» Task directions:
Starting at the line that contains "Un cheval-cavalier équitation" in the listing below, write out every line word for word until you have written the line that contains "Blue Snowman Suitmeister Suit For Men".

» Given data:

[Start of section]

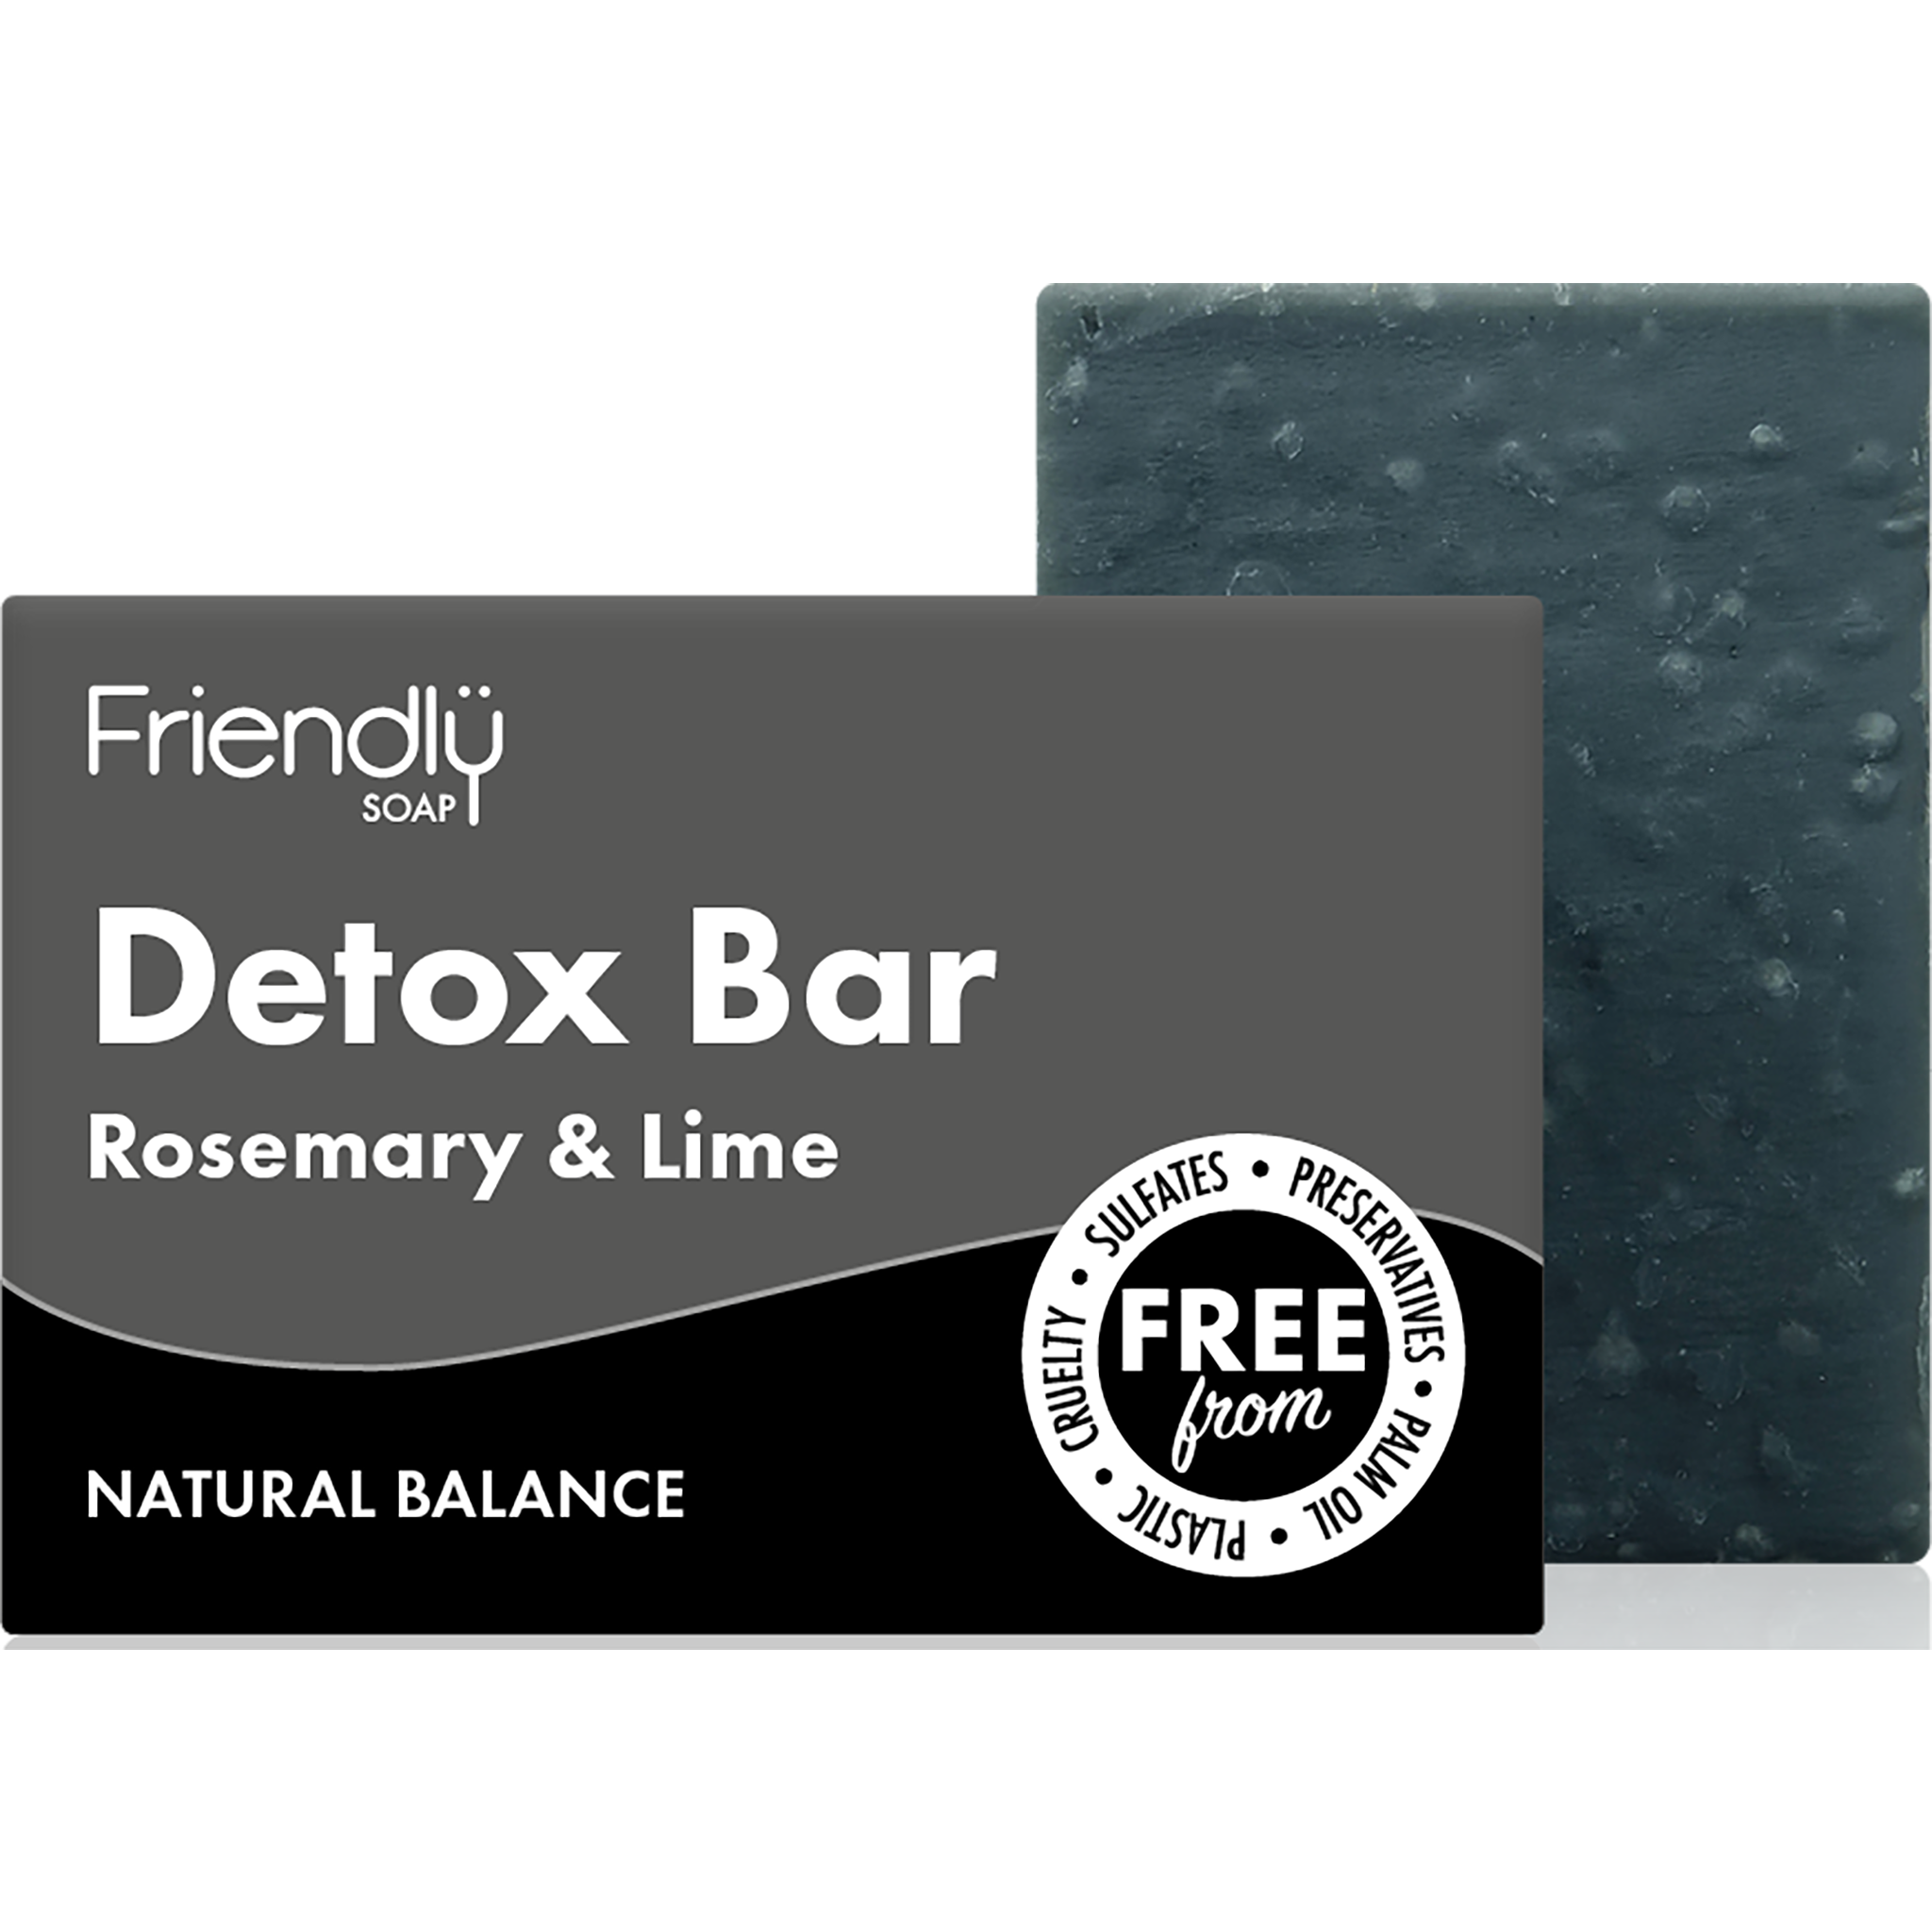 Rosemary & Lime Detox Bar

[End of section]
[Start of section]

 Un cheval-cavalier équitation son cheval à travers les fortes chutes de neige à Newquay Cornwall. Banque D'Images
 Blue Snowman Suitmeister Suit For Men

[End of section]

» Finished task:
 Un cheval-cavalier équitation son cheval à travers les fortes chutes de neige à Newquay Cornwall. Banque D'Images
 Blue Snowman Suitmeister Suit For Men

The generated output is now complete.